Prices of some goods and services already have started rising. For example, private traders have increased the price for Malawi’s main food crop, maize. Recently, the immigration department tripled the cost of processing Malawi passports.

The Malawi Energy Regulatory Authority has attributed its recent 6 percent increase in the price of fuel to the kwacha’s depreciation.

But Finance Minister Goodall Gondwe told VOA there was no need for Malawians to panic because “this is not the first time for the kwacha to fall.”

During much of 2012, Gondwe said, "there was much faster depreciation than we are experiencing now. Do not forget that.
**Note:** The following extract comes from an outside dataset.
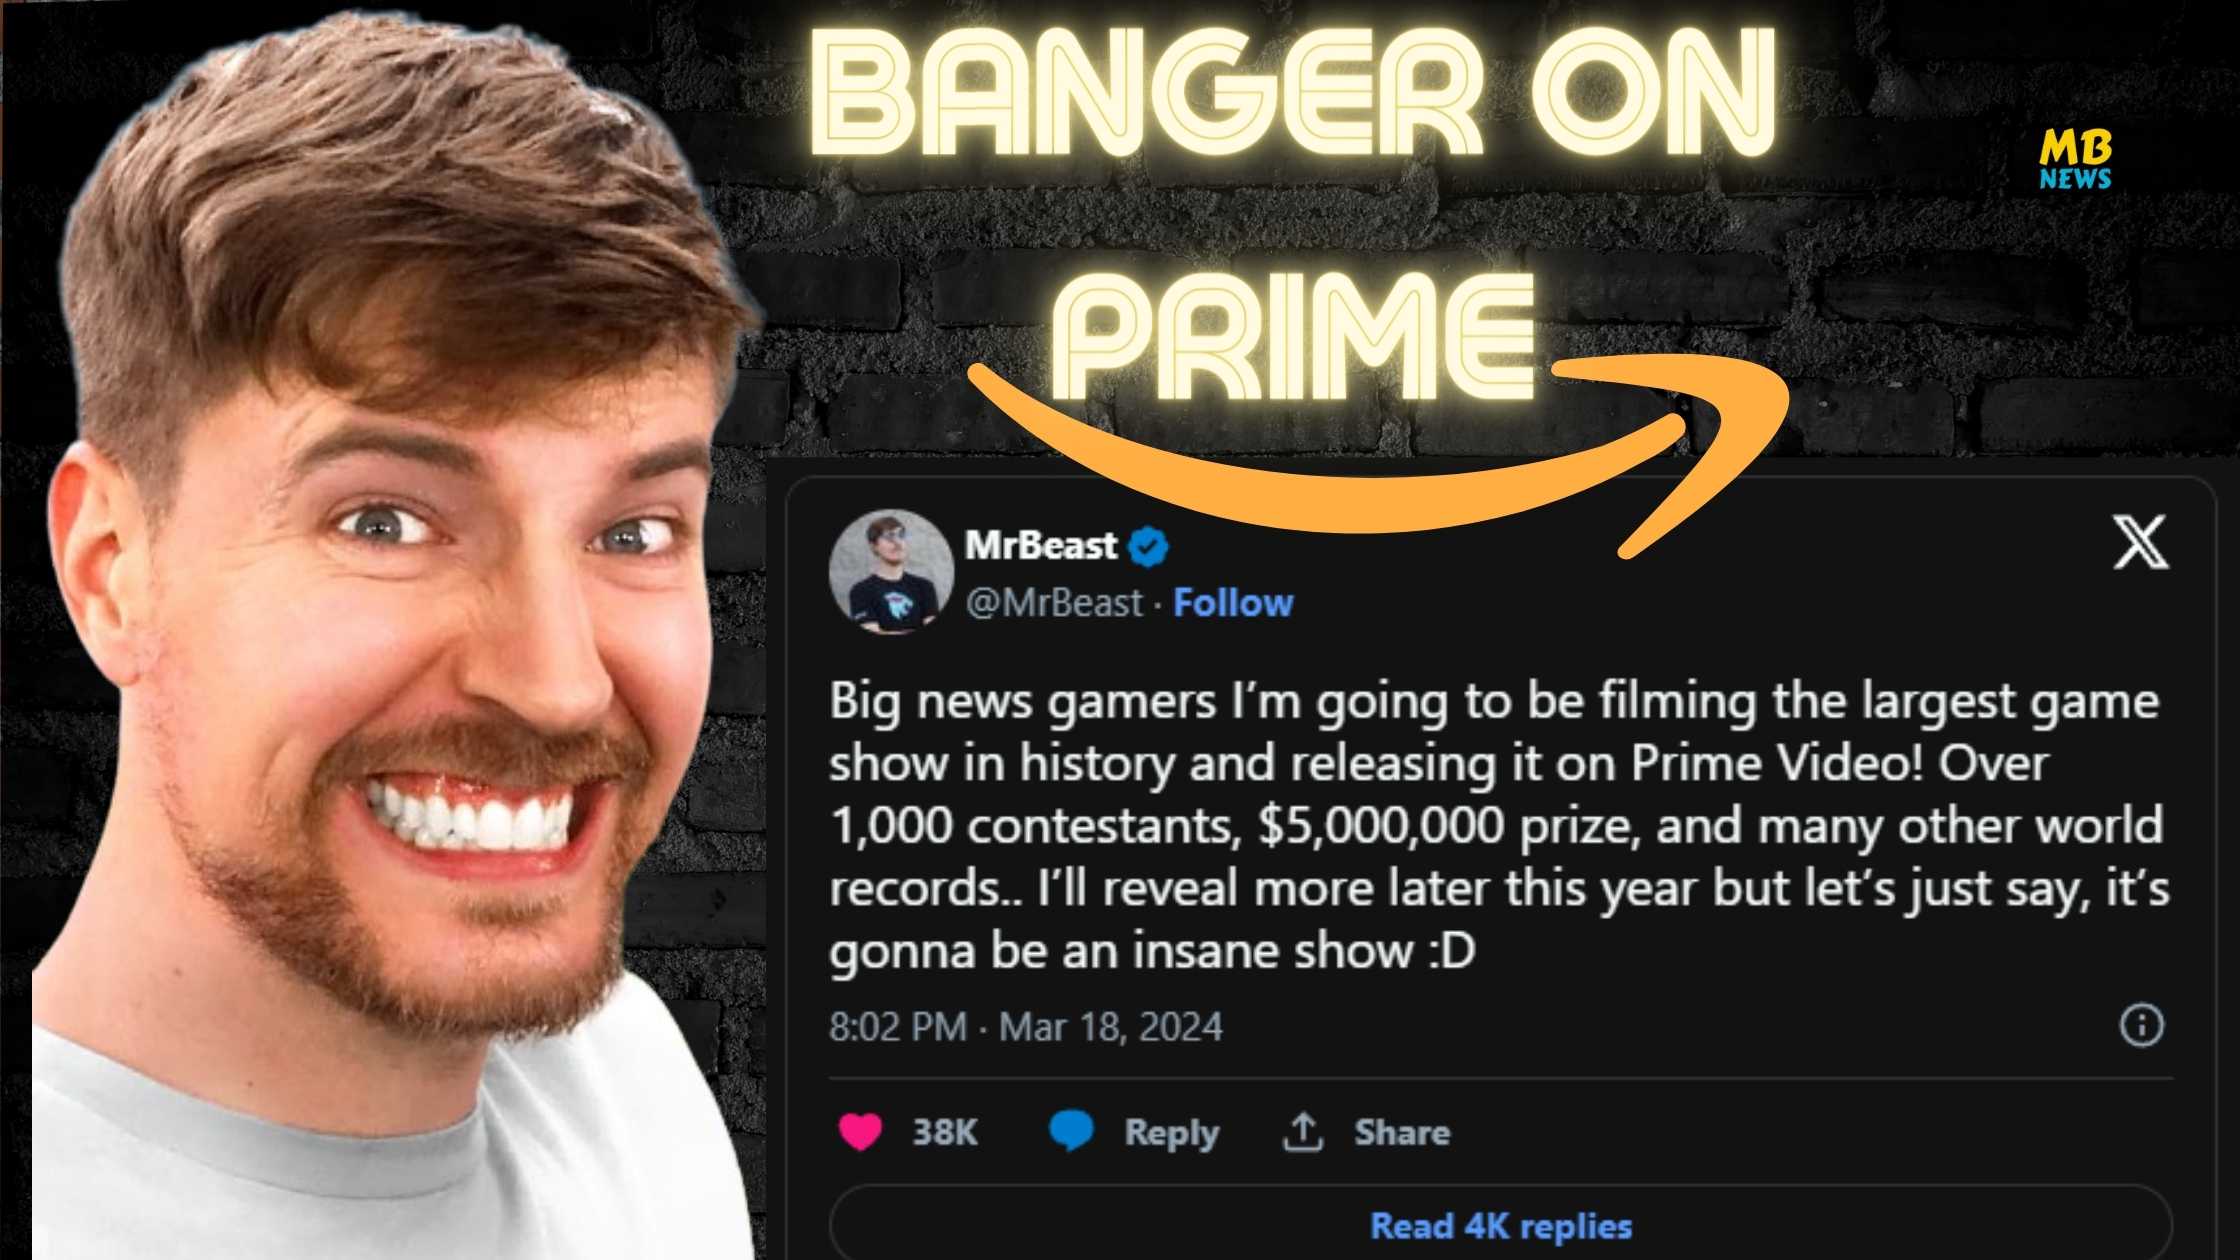 Big news gamers I’m going to be filming the largest game show in history and releasing it on Prime Video! Over 1,000 contestants, $5,000,000 prize, and many other world records.. I’ll reveal more later this year but let’s just say, it’s gonna be an insane show

We started from 160 [kwachas to the dollar] to about 460. So this is not new for Malawians themselves."

The kwacha has been unstable since 2012, when the administration of former President Joyce Banda floated the currency to let market forces determine its value.

It is more stable during tobacco marketing season, between March and September, when the country generates a lot of foreign exchange from tobacco sales.

Solutions considered

Gondwe said the government is considering short- and long-term solutions to slow the depreciation.

"The short term is that we are looking for resources and we are about to get them to bring into the market to increase the demand for the Kwacha," Gondwe said. "In the long term, Malawians will have to work hard, to diversify and produce more products to export. Everybody knows that."

Gondwe denied media reports that the government is planning to revert to fixing the currency to the dollar, as was the case during the late President Bingu Mutharika’s administration.

In its latest report, the country’s leading financial advisory firm, Nico Asset Managers, predicted the kwacha will continue to depreciate until February of next year.